--- START ---

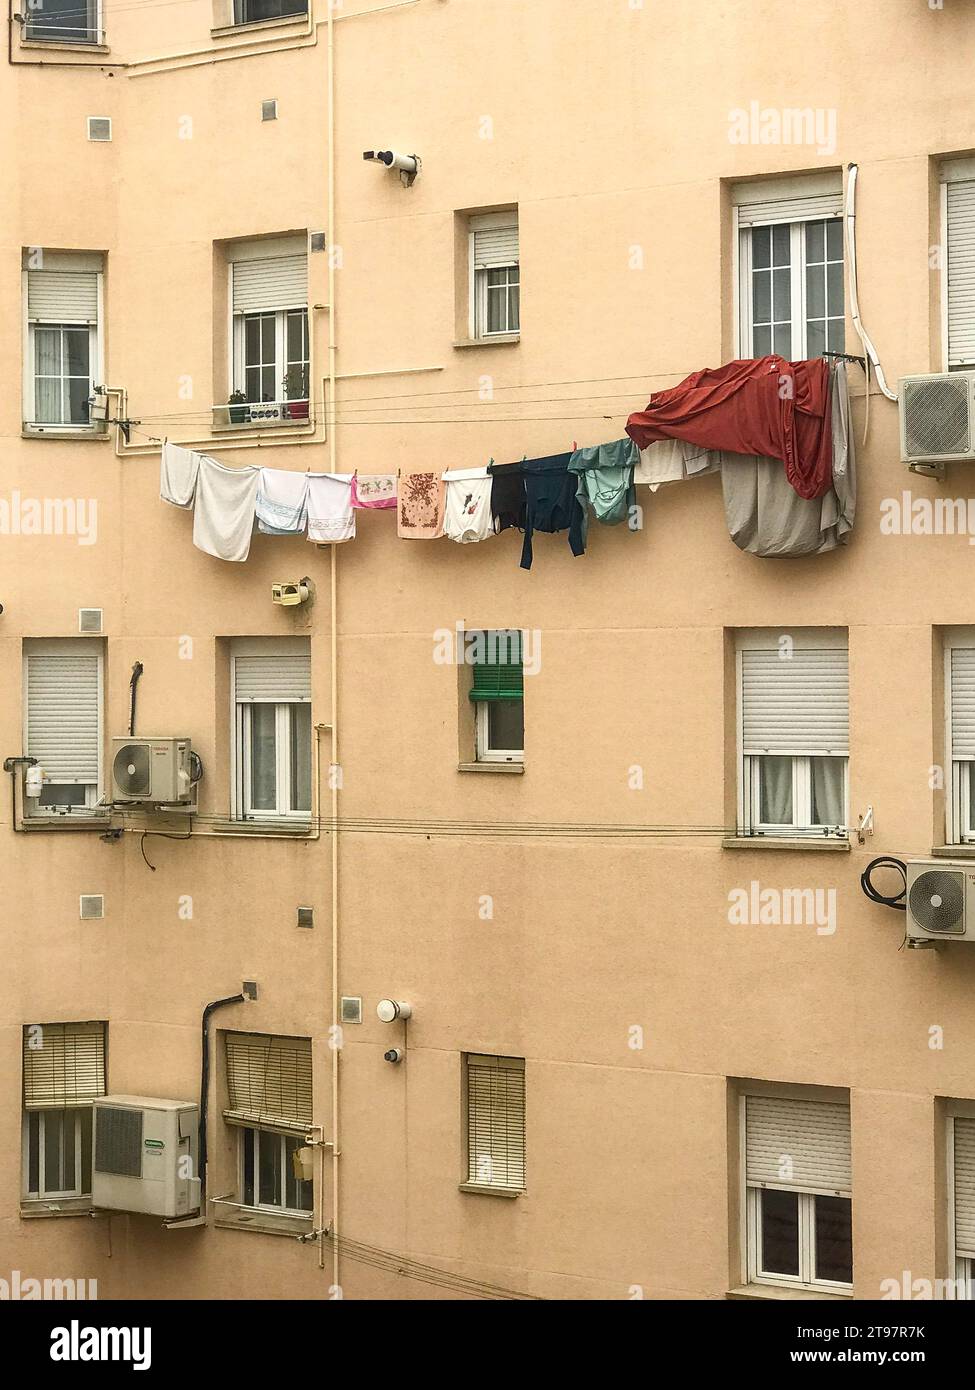 Linge suspendu à un fil dans la fenêtre d'un immeuble dans un quartier de Madrid, Espagne Banque D'Images
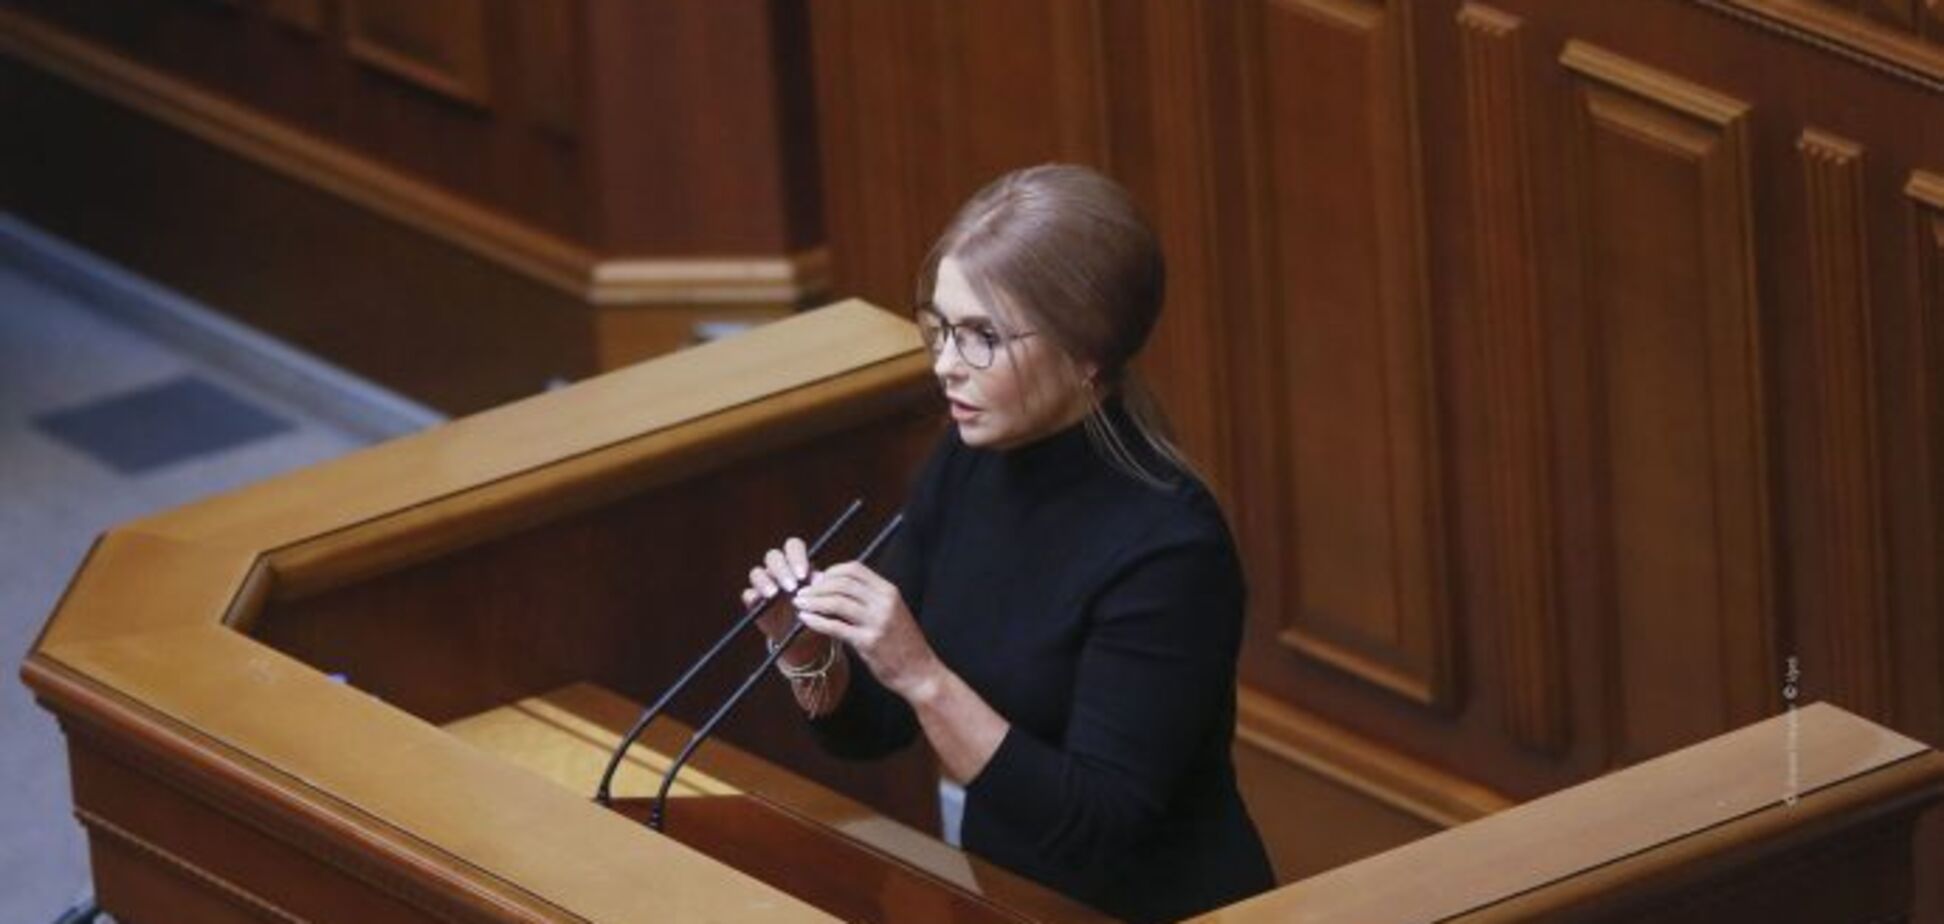 Юлія Тимошенко
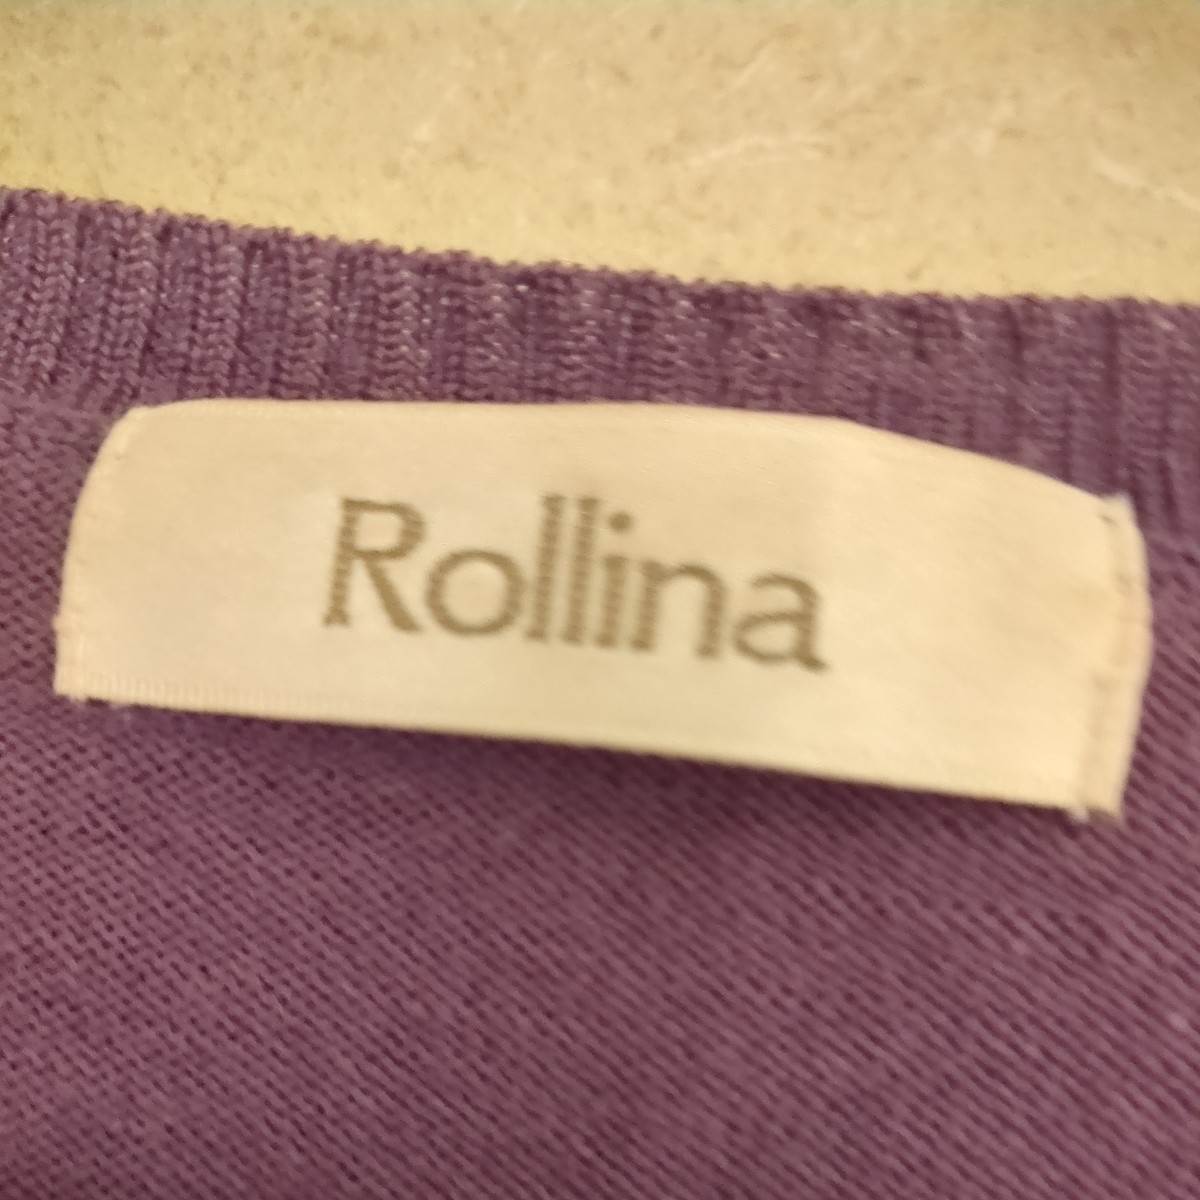 Rollina ロリーナ 薄紫色カーディガン _画像3
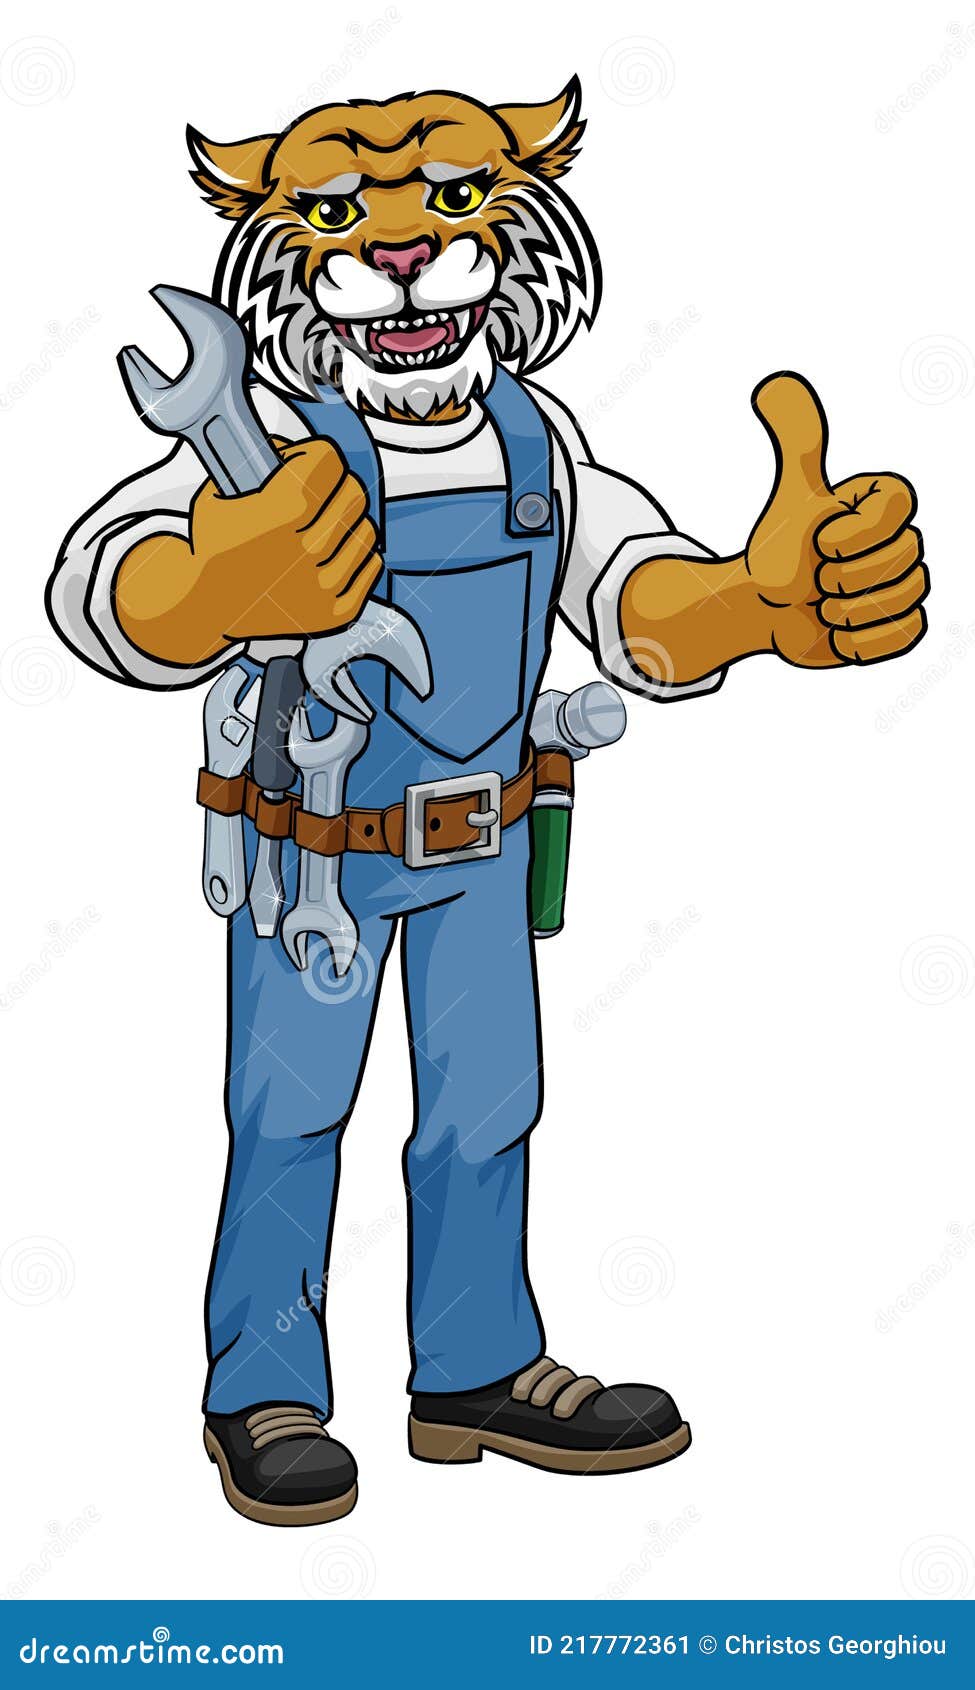 wildcat plumber or mechanic holding spanner
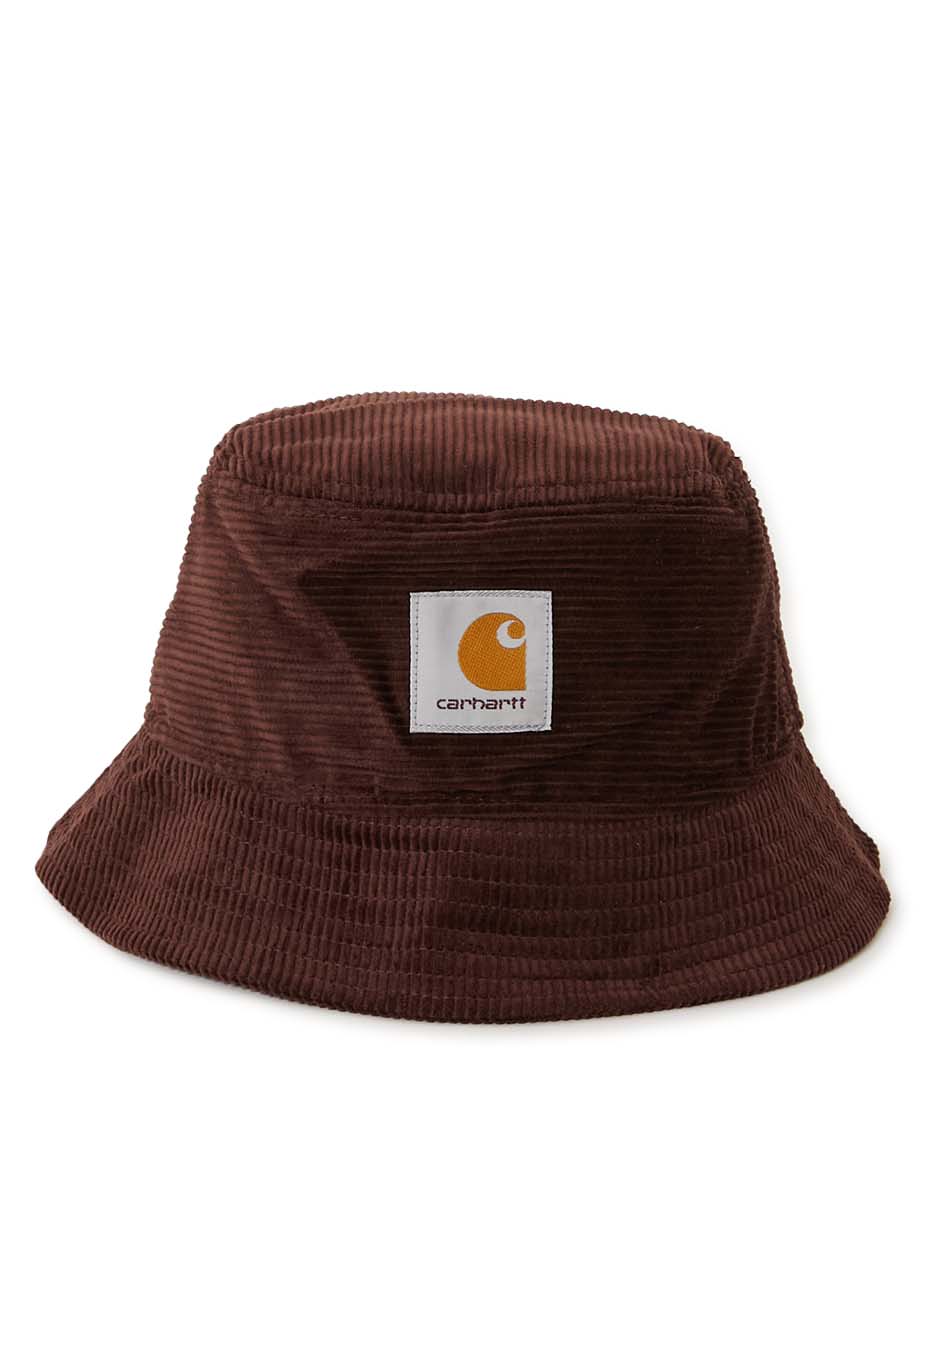 CARHARTT WIP CORDUROY BUCKET HAT
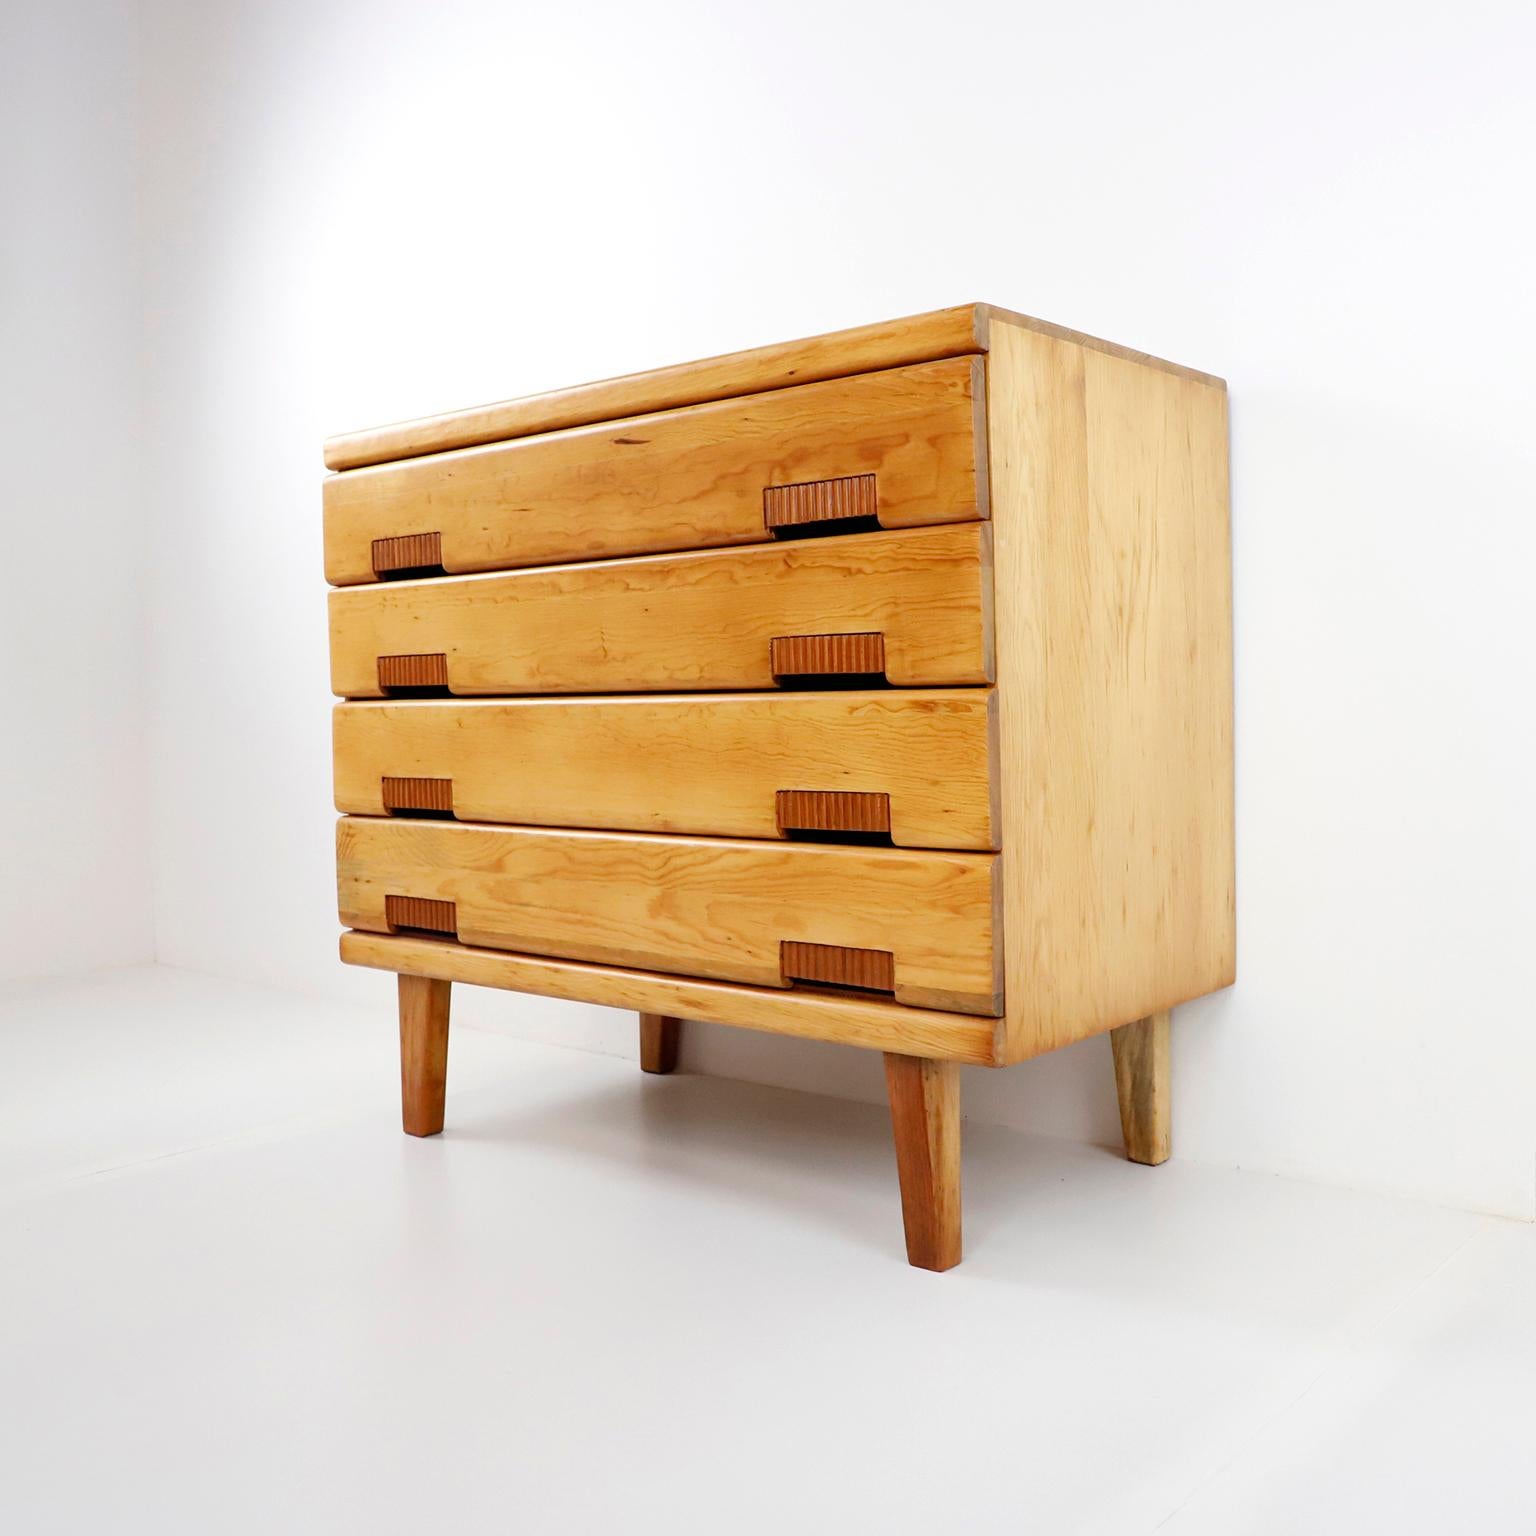 Wir bieten diese seltene originale Domus-Schublade von Michael Van Beuren aus Kiefernholz an. Entworfen von dem amerikanischen Bauhaus-Designer Michael Van Beuren in Mexiko, um 1950, handgefertigt aus massivem Kiefernholz, wurde diese Schublade

--- END ---

## TASK DIRECTIONS
If any image appears in the entries, omit it and return the rest verbatim.

## WRITTEN REPLY
 Linge suspendu à un fil dans la fenêtre d'un immeuble dans un quartier de Madrid, Espagne Banque D'Images
 Юлія Тимошенко
 Rollina ロリーナ 薄紫色カーディガン _画像3
 wildcat plumber or mechanic holding spanner
 CARHARTT WIP CORDUROY BUCKET HAT
 Wir bieten diese seltene originale Domus-Schublade von Michael Van Beuren aus Kiefernholz an. Entworfen von dem amerikanischen Bauhaus-Designer Michael Van Beuren in Mexiko, um 1950, handgefertigt aus massivem Kiefernholz, wurde diese Schublade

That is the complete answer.